Title: A Mutlicenter, Randomized, Double-Blind, Parallel-Group, Placebo-Controlled Variable Treatment Duration Study Evaluating the Efficacy and Safety of Siponimod (BAF312) in Patients with Secondary Progressive Multiple Sclerosis
Study Identifier: LCID: 2013-033; EXPAND
Principal Investigator: Ann Camac, MD
Purpose: To determine whether or not Siponimod (BAF312) is effective in reducing disability progression in secondary progressive multiple sclerosis (SPMS) patients as compared to Placebo.
Summary: Currently, there are no approved treatments for SPMS apart from a couple of chemo drugs with limited effectiveness. Those with SPMS have continual inflammation surrounding their injured nerve cells caused by attacks from their own immune cells, which is known to worsen disability. In this study, participants will receive either BAF312 or placebo. There is a 66% chance of receiving BAF312 and a 33% change of receiving placebo. Neither you nor your doctor will know which treatment you received. BAF312 is taken once a day. For this study, subjects will undergo a variety of examinations, including neurological exams, dermatology (skin) exams, ophthalmology (eye) exams, as well as other testing, brain MRI, and functional assessments. Participants will also be asked to complete questionnaires.

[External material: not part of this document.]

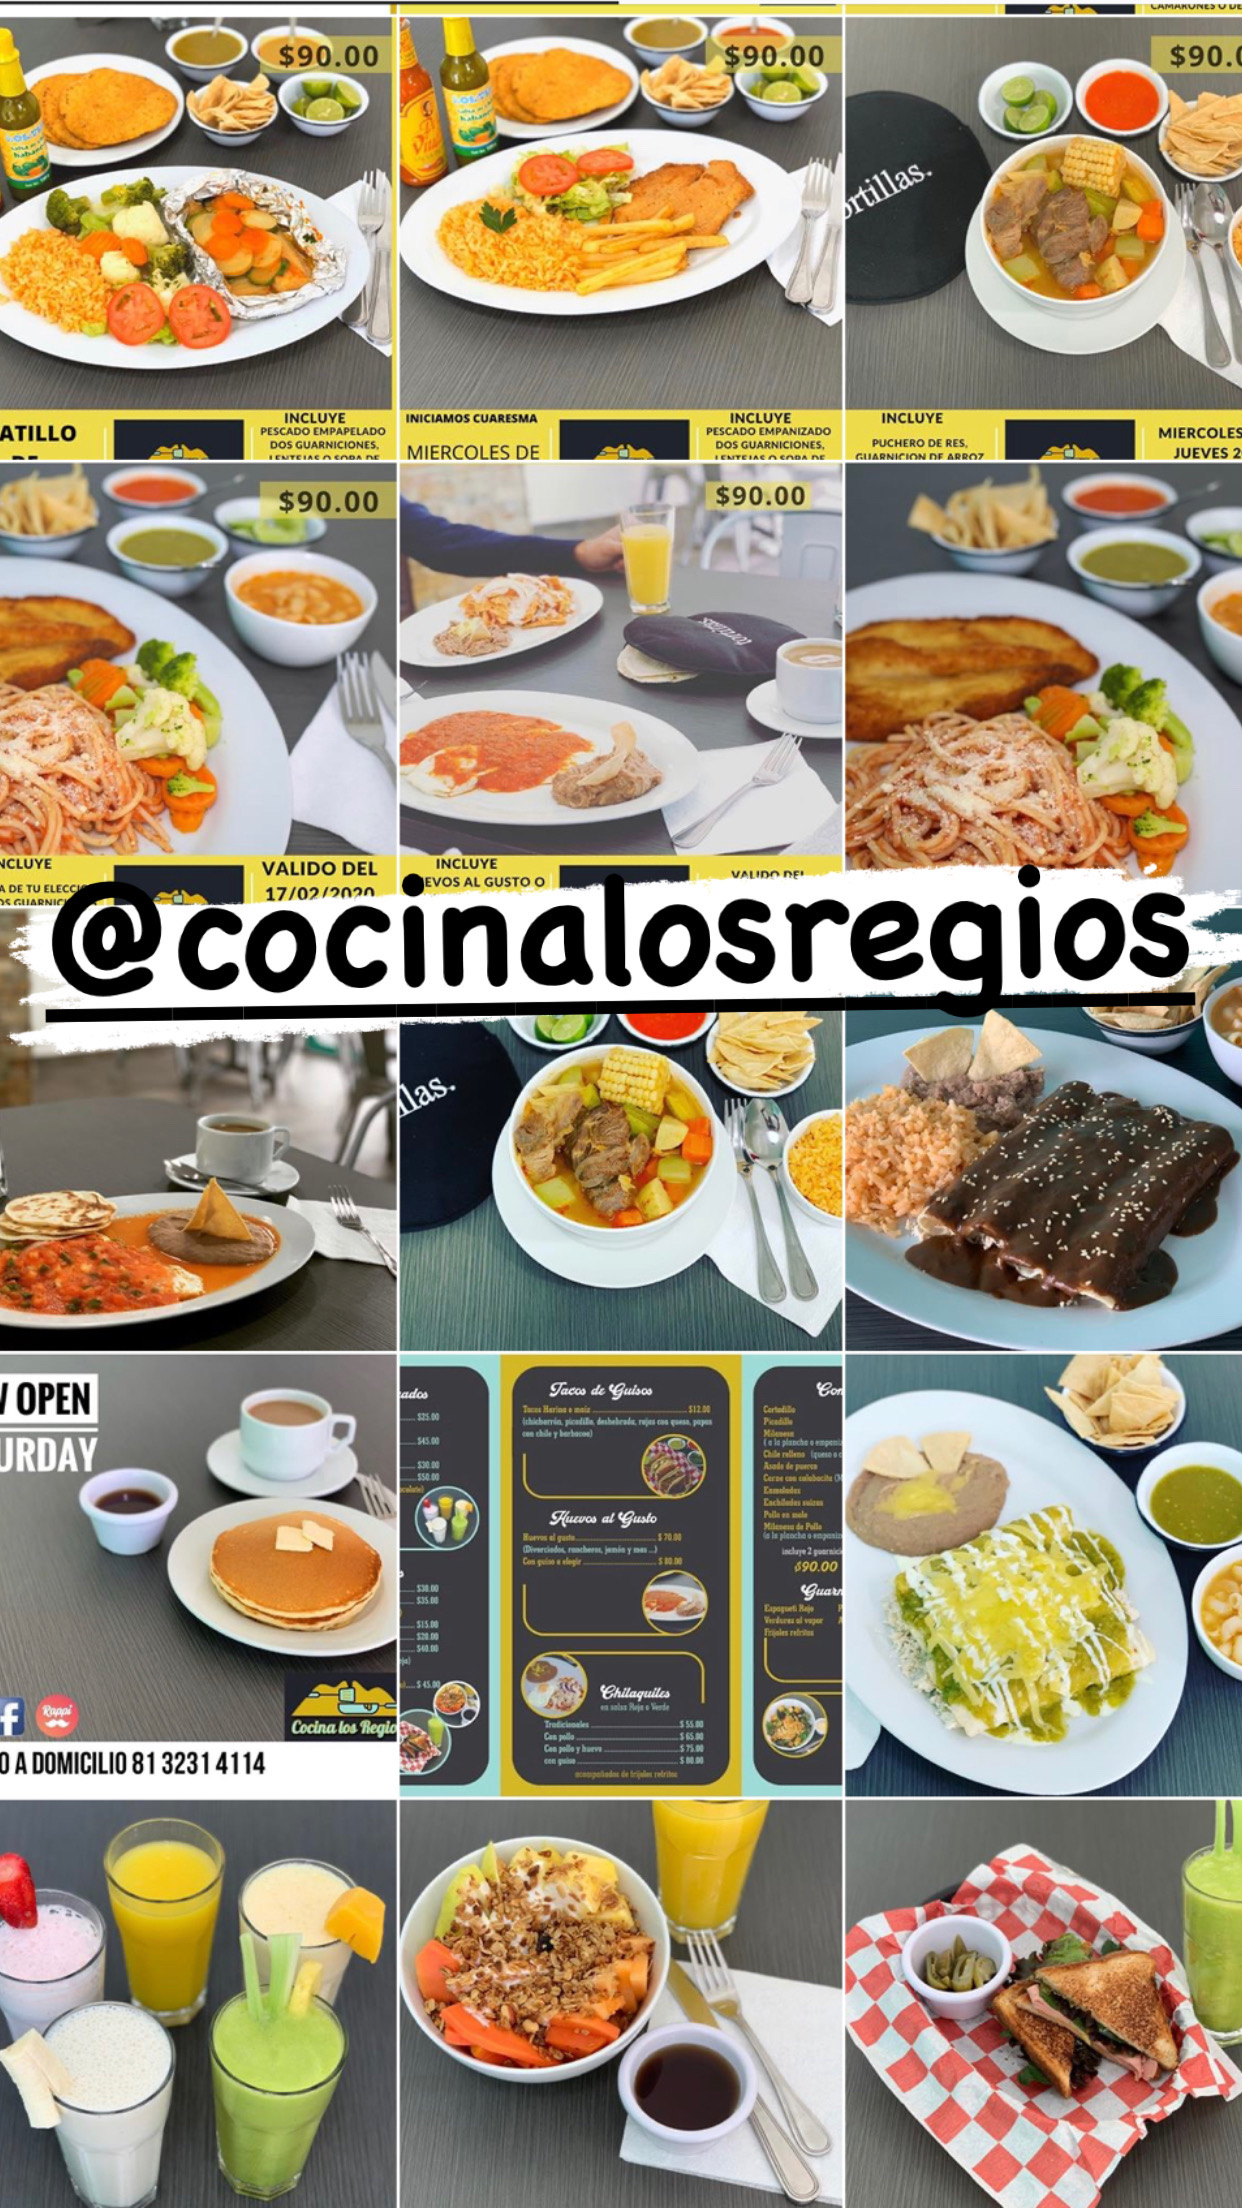 Cocina Los Regios

Study Type: This is a drug study. The drug involved is called Siponimod and is also known as BAF312.
Length/Duration: The study lasts for at least 2 years.
ELIGIBILITY: If you are interested in this study and want to see if you may qualify for this study, click here.
Contact: For more information on this study, please contact the study coordinator at Rik.Ganguly@Lahey.org or 781-372-7196
Title: JCV Antibody Program in Patients with Relapsing Multiple Sclerosis Receiving or Considering Treatment with Tysabri®: STRATIFY-2 Principal Investigator: Claudia Chaves, MD Sponsor: Biogen Idec Summary: This is an observational, longitudinal cohort study in patients with MS. The use of Tysabri® (natalizumab) for the treatment of multiple sclerosis (MS) has been associated with an increased risk of Progressive Multifocal Encephalopathy (PML), a rare brain infection that usually causes death or severe disability. PML is caused by a polyomavirus called the JC virus (JCV). The study aims to define the prevalence of JCV in patients with relapsing MS considering initiation of Tysabri treatment and those receiving Tysabri. All patients with relapsing MS treated with or considering treatment with Tysabri are eligible to participate.
Title: A Multicenter, Observational, Open-Label, Single-Arm Study of Tysabri in Early Relapsing-Remitting Multiple Sclerosis in Anti-JCV Antibody Negative Patients
Principal Investigator: Claudia Chaves, MD
Sponsor: Biogen Idec., Inc
Summary: Multiple studies have demonstrated the positive effect of early therapy on patients who were in the earliest stages of relapsing remitting multiple sclerosis (RRMS). Studies have also shown that Tysabri is a potent and useful medication in reducing disability progression. The goal of this study is to determine which tests and procedures that are administered during the study course is most accurate in predicting disease free status for patients who are currently considering to take Tysabri, and who will start Tysabri as their participating in the study trial begins. The tests and procedures that will be analyzed include MRIs, physical and neurological exams, eye exams, questionnaires, and cognitive impairment tests. Patient visits occur once every months.
Title: A Multicenter, Randomized, Double-Blind, Placebo-Controlled Study of the Efficacy of Natalizumab on Reducing Disability Progression in Subjects With Secondary Progressive Multiple Sclerosis
Principal Investigator: Ann Camac, MD
Summary: Individuals who suffer from SPMS are often in the later stages of Multiple Sclerosis (MS), and it is marked by increase in disability without periods of remission and independent of relapses, which is different in the case of Relapsing Remitting Multiple Sclerosis (RRMS). Patients with SPMS have continual inflammation surrounding their injured nerve cells caused by attacks from their own immune cells, which is known to worsen disability. It is thought that Tysabri might reduce inflammation by limiting the attacks by these immune cells. Currently, there are no treatment options available for individuals with SPMS. The study therefore seeks to determine whether Tysabri could be considered a potential treatment option. Subjects are to be randomized to receive either Tysabri 300 mg or placebo intravenously (IV) every 4 weeks for a 96 week period. Patient visits occur once every 12 weeks. The patient nor the study team will be aware which treatment that patient is receiving until after the study has been completed.